How do I calculate if a test like this is statistically significant?

Azzu@lemm.ee · edit-2 10 months ago

How do I calculate if a test like this is statistically significant?

altairabove@lemmy.world · edit-2 10 months ago

You could use a few different null hypotheses here. One with minimal assumptions would be that the medians are equal. This can be tested using the Mann-Whitney U test. https://en.m.wikipedia.org/wiki/Mann–Whitney_U_test

Azzu@lemm.ee · 10 months ago

This seems like exactly the case here :) I will read up and try this

TauZero@mander.xyz · 10 months ago

Your situation reminded me of the way IMDB sorts movies by rating, even though different movies may receive vastly different total number of votes.
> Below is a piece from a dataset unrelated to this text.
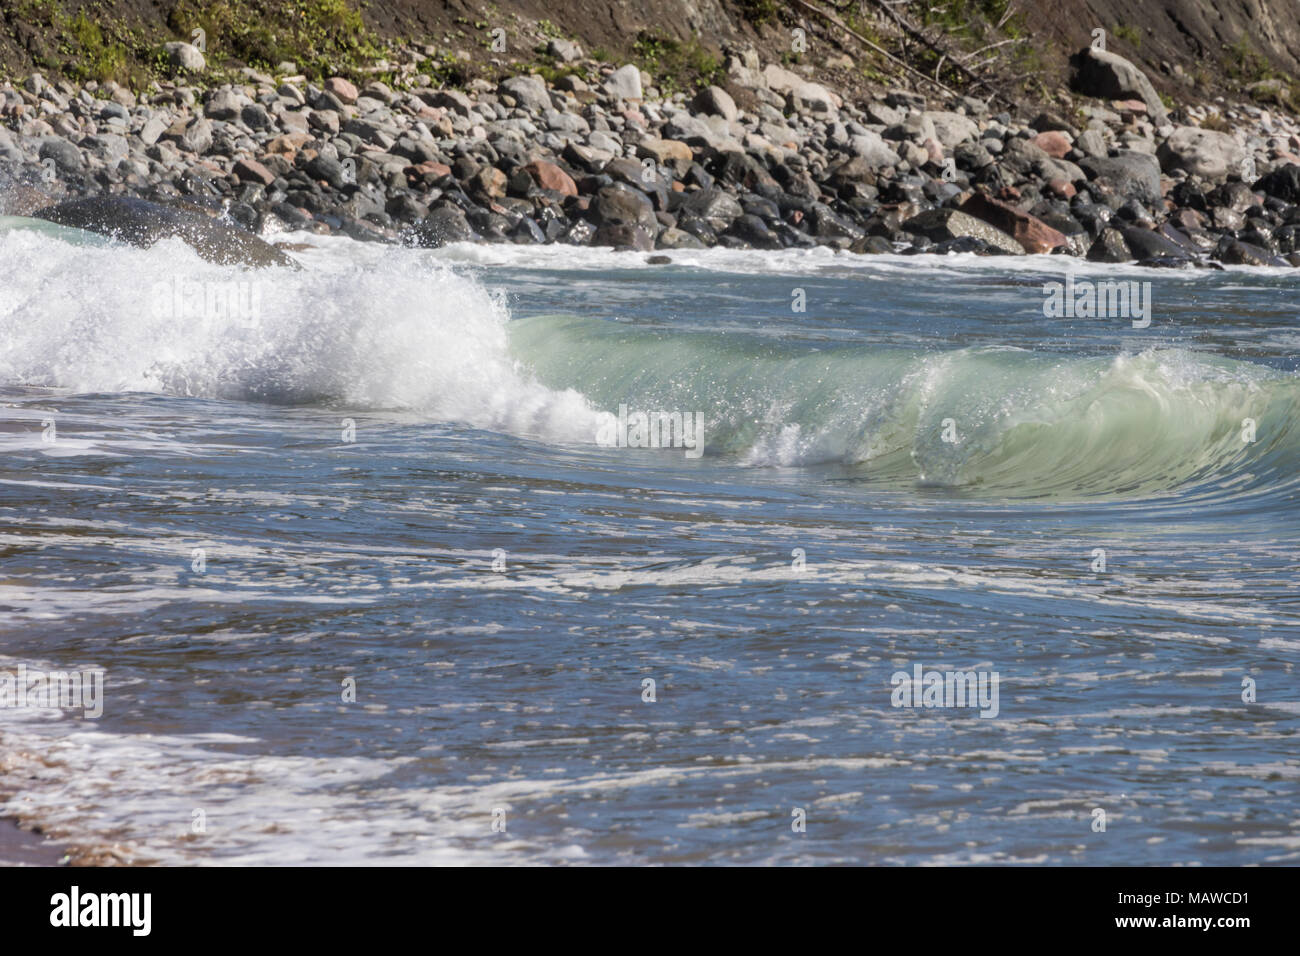 Le fracas des vagues, Ingonish Beach, Nova Scotia Canada Banque D'Images
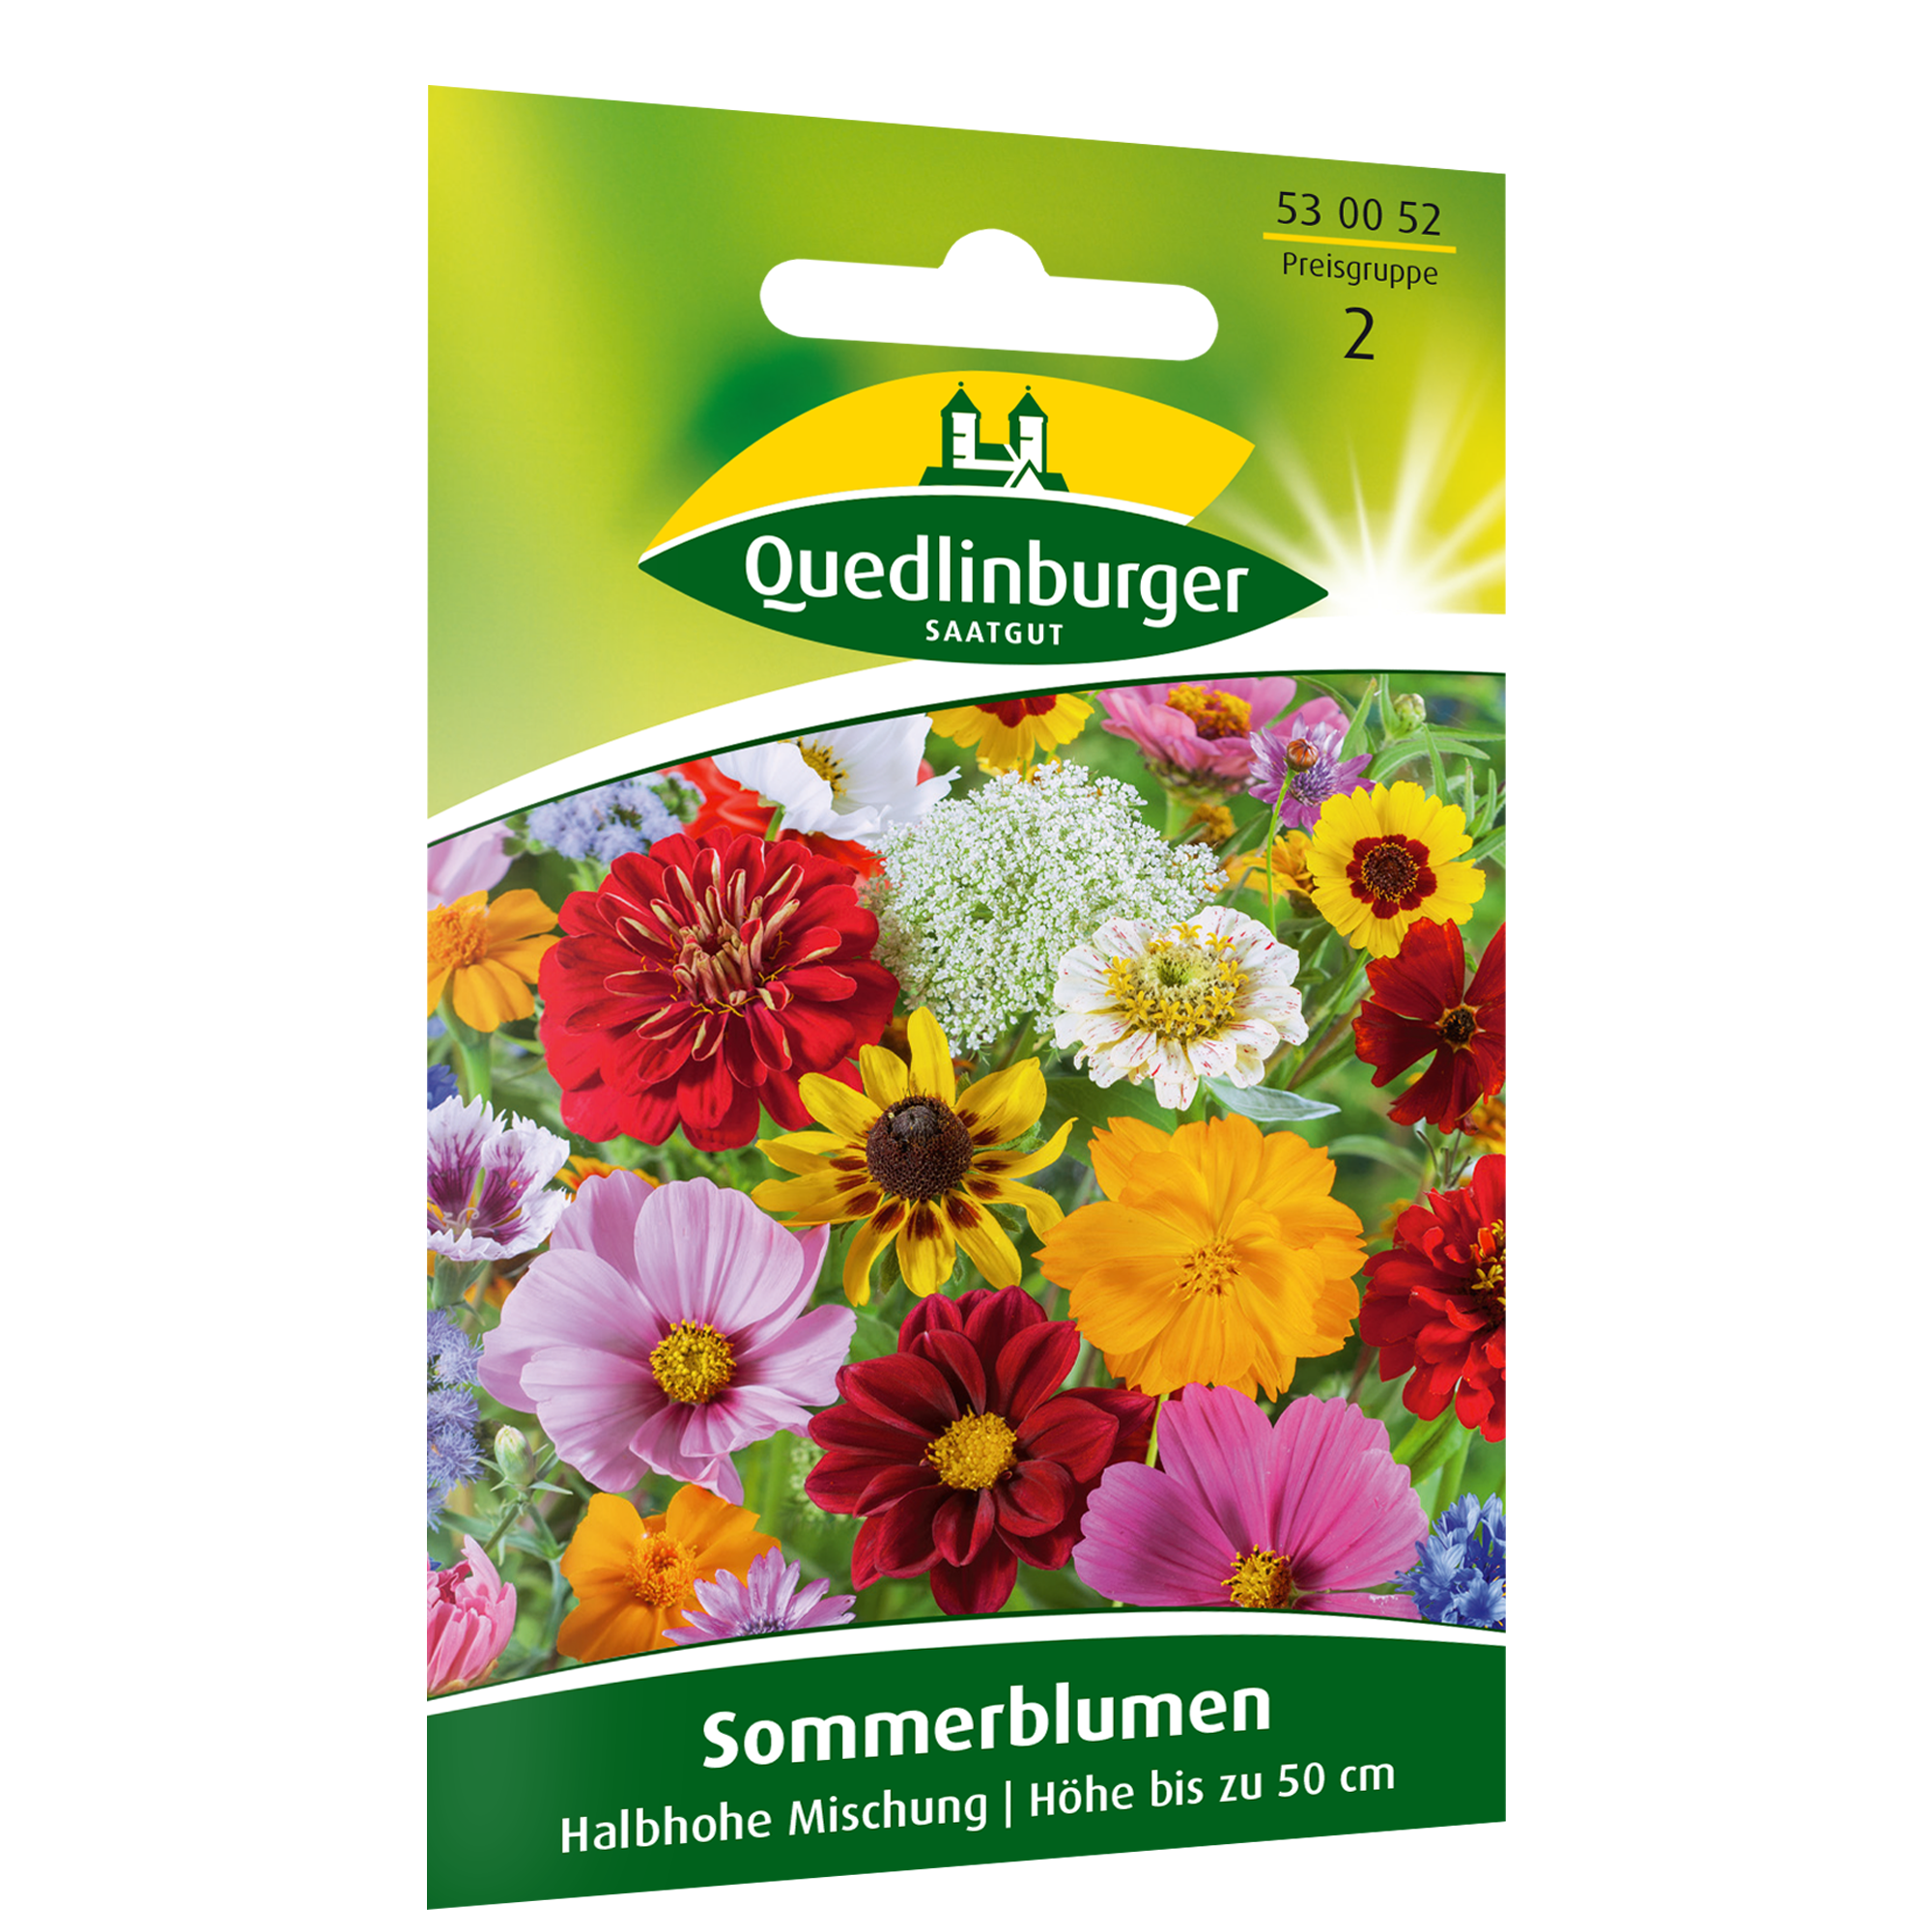 Sommerblumen halbhohe Sorten, Mischung + product picture

They use something called a credibility formula which is apparently a Bayesian statistics way of doing it, unlike the frequentist statistics with p-values and null hypotheses that you are looking for atm.

Jlafs@lemmy.world · 10 months ago

Your null hypothesis is the thing you’re trying to disprove. For example, if I wanted to run a study to asses the effect of adding a certain growth hormone to a cell culture, my null hypothesis would be “there is no effect”. In your case, it would be “there is no difference in how much different things are liked”. From there, you’d run your study, and do your statistical analysis, for which there are different methods based on the type of data, number of groups your comparing, sample size, etc., and I’m not a statistician so I can’t say which methods are best for what you’re planning.

When it comes to p-value, to really simplify it, you can think of your p-value as the likelihood your null hypothesis is true. That’s not exactly what it means, but it’s an easy way to remember it.

JWBananas@startrek.website · 10 months ago

People are inherently bad at rating things. Why not run a “This or that?” style study instead?

Given a list of items to rate, pair them up randomly. Ask a person which item they like better out of each pair. Run through Final Four type eliminations until you get down to their number one preference.

Run through this process for each person, beginning with different random pairings every time.

Record data on all the choices - not just the final ones. You should be able to get good data like that.

For example, there will probably be a thing that is so disliked that it gets eliminated in the first round more frequently than anything else. The inverse will likely be true of a highly-preferred item. And I am sure you can identify other insights as well.

Azzu@lemm.ee · 10 months ago

Sounds like a good idea, however my participants neither have the attention span nor do I have the resources to do anything else :) after all, like I said, it’s just a small personal thing :)